During his visit, on the 21st Century Cures Act omitted specific penalties for health care providers who inappropriately withheld information; it focused more on programmers and networking. Yet as software developers and networks comply with the Cures Act, more than 75% of complaints about information blocking in the past year have focused on vendors who allegedly blocked the right stream. information. Patients and providers cited alleged inappropriate behavior by hospitals, health care facilities, physicians, and other providers. Filing a complaint is easy – those who are frustrated with the blocking of information can file complaints with the Office of the National Coordinator. The Cures Act authorizes the HHS Inspector General’s Office to investigate any information blocking allegations. The identity of the complainants is protected from disclosure under the Cures Act.

In public comments at the March 2022 Global Health Conference of HIMSS (the non-profit Healthcare Information and Management Systems Society) and again at an annual meeting of the ONC in April 2022, HHS Secretary Xavier Becerra announced that enforcement plans for cures against health care providers who inappropriately block information are a “top priority.” Blocking information, Secretary Beccera said, causes stress for patients and families, as well as frustration for staff. Becerra criticized a case where a patient was told to wait weeks for access to test results while his doctor was on vacation. “This is not the kind of customer experience any of us should expect, certainly not in the 21st century, from our healthcare system.”

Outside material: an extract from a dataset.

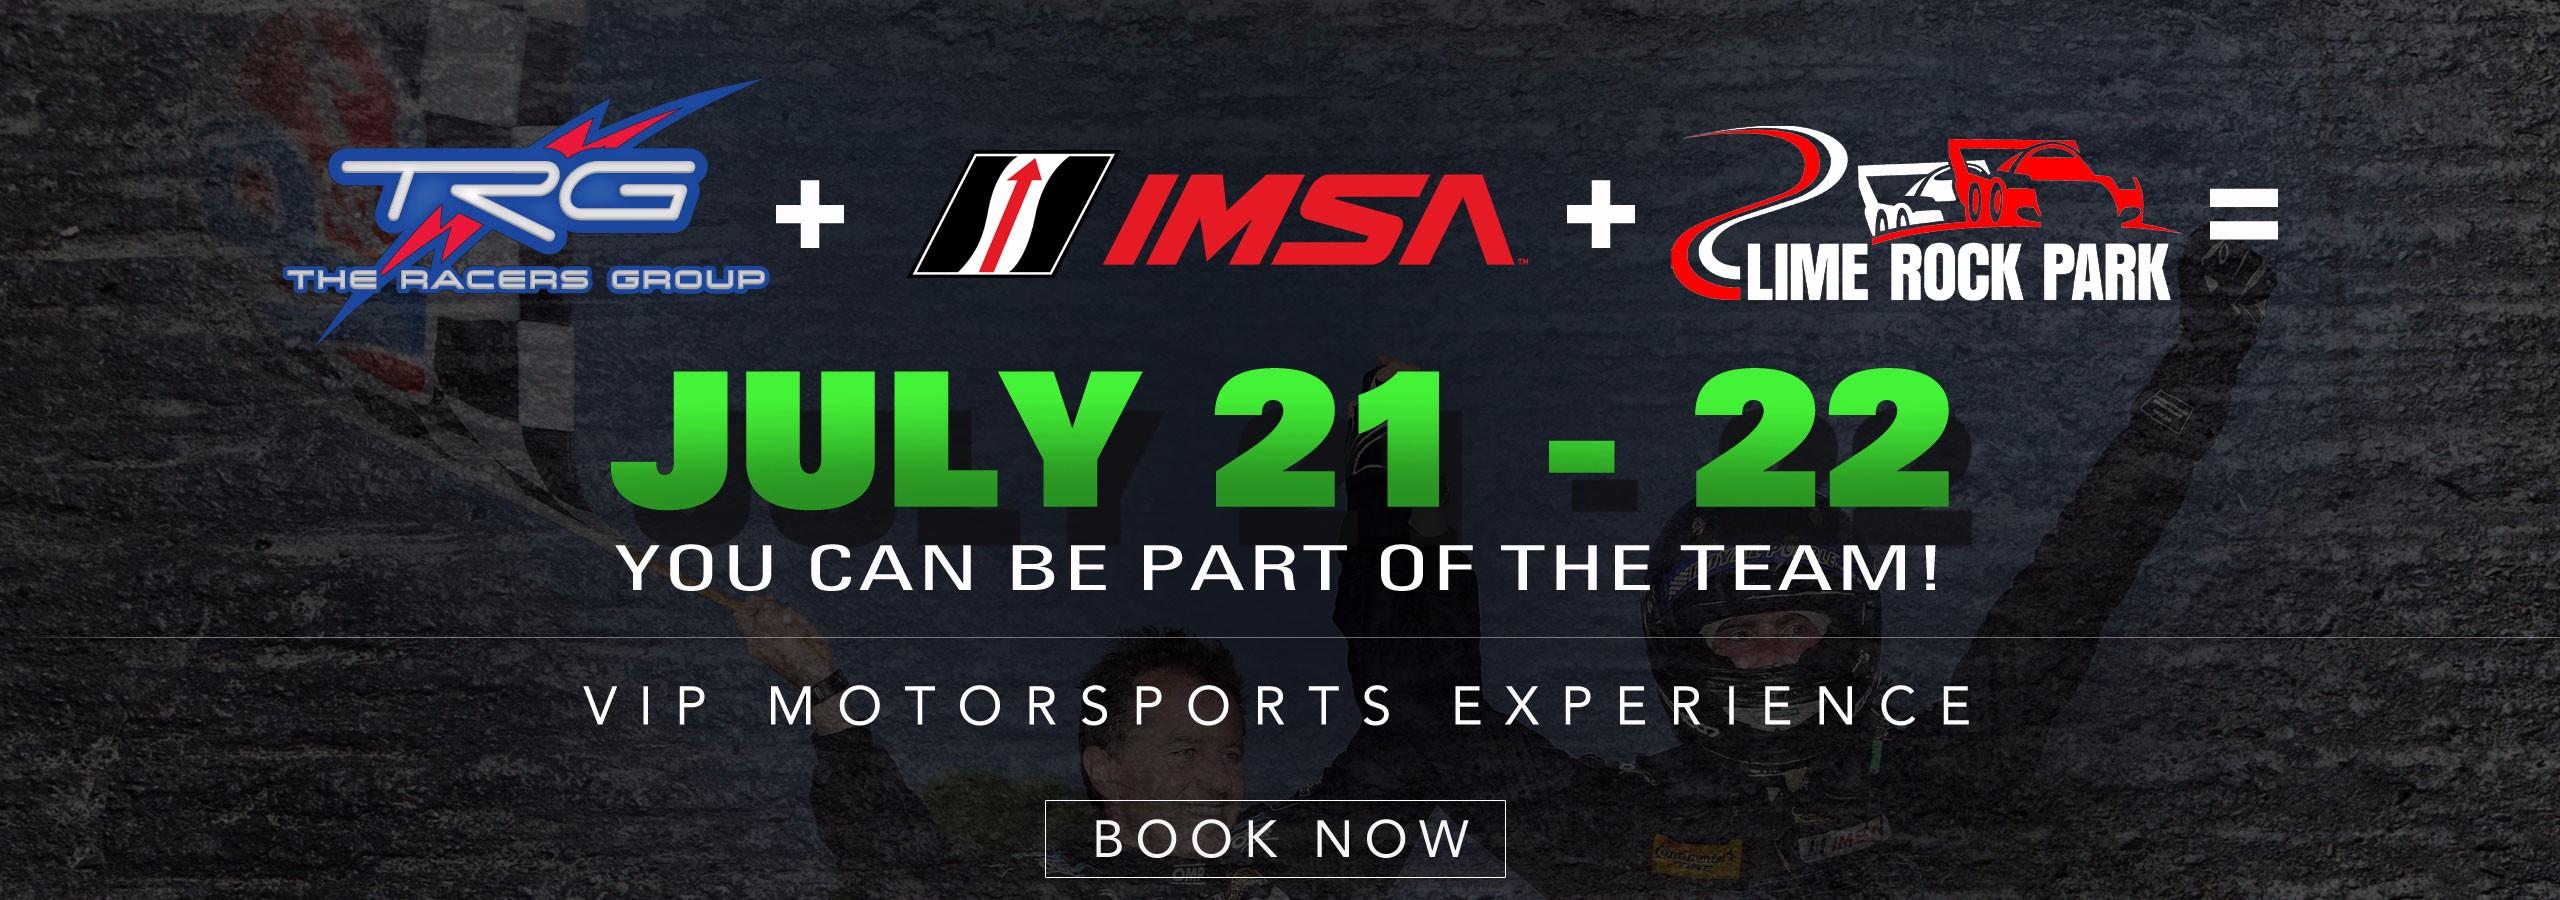 Limerock Park Motorsports Experience, Northeast Grand Prix
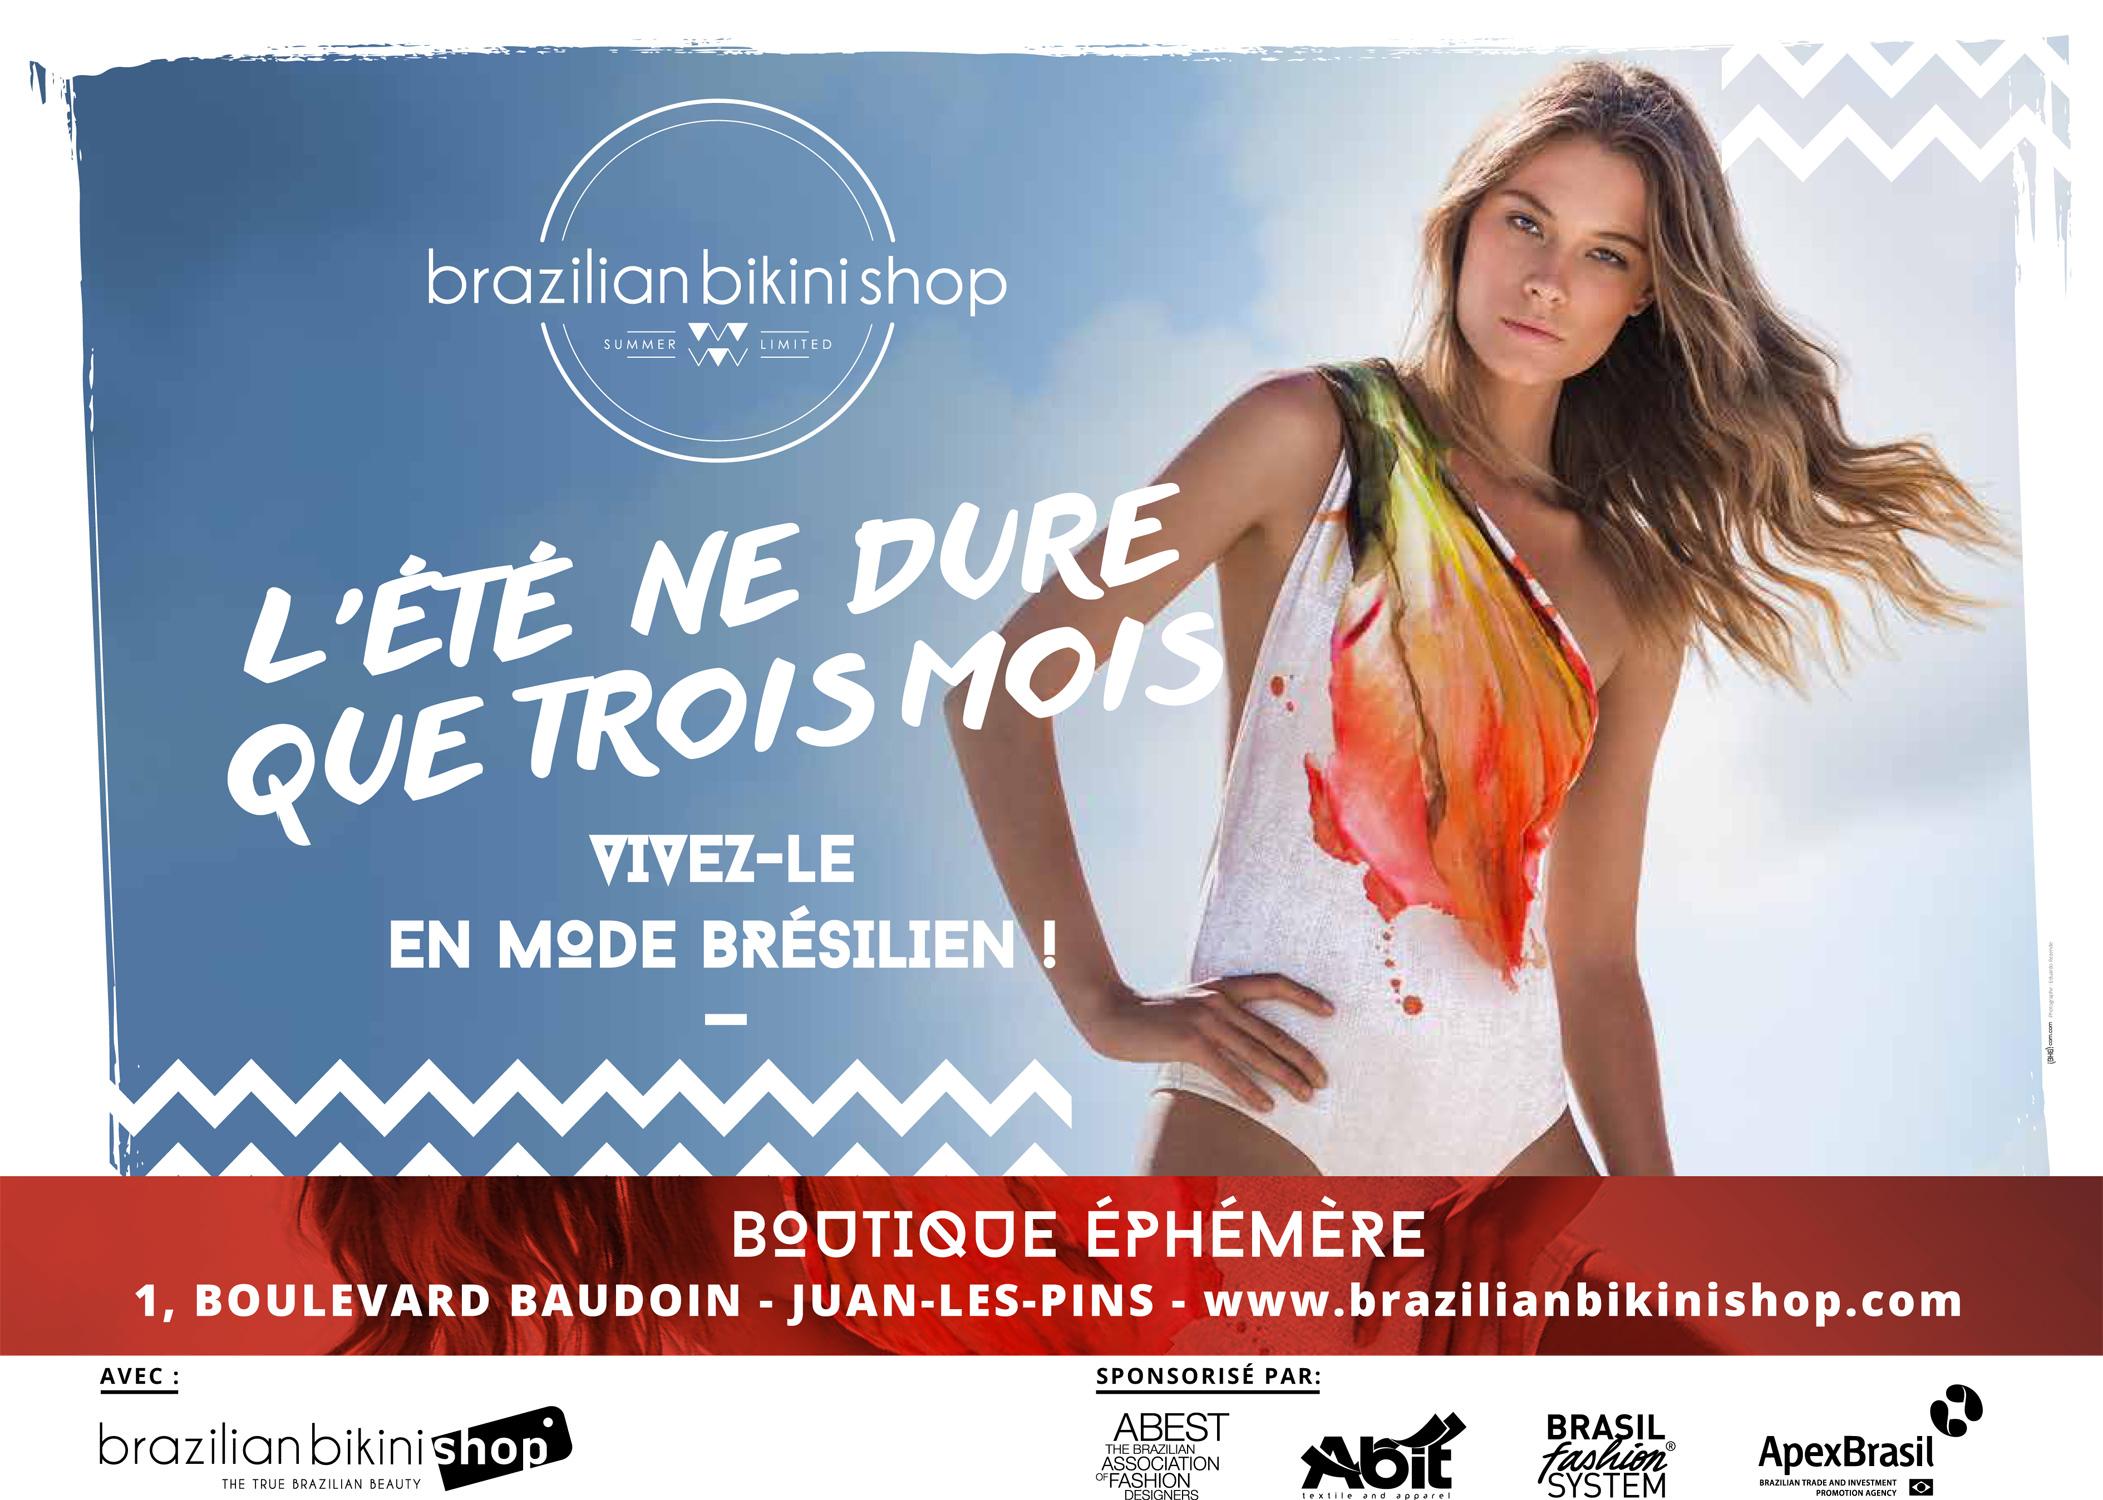 Loja-temporaria-pop-up-store-moda-praia-brasileira-cote-dazur-riviera-francesa-5

HHS plans to announce a specific civil monetary penalty enforcement regime by the end of 2022. Similarly, the Centers for Medicare and Medicaid Services (CMS), the largest payer and regulator of medical practices, announced their interest in imposing civil monetary penalties on claimants. that unduly block the sharing of electronic health information.

practice pointers

Healthcare systems, hospitals, practitioners and private practices will want to anticipate upcoming sanctions announcements with a careful focus on compliance with 21st Century Cures Act and its regulations. Organizations shouldn’t just assume that their electronic medical records provider takes care of everything.

Both to comply with the law and to defend against future allegations of impropriety, organizations will want to establish a precise, clear and codified process for evaluating requests for information. It is essential that the necessary personnel know where the safe harbors are — and where they are not.

Likewise, vendors should create careful and accurate documentation of any instances in which they refuse to share requested information. Some organizations develop checklists or logs that record who requested what information, the organization’s assessment of the request, and its response. By developing a thoughtful compliance process to assess each specific claim, healthcare organizations will be well prepared to defend themselves against unwarranted complaints filed with the ONC by frustrated record claimants.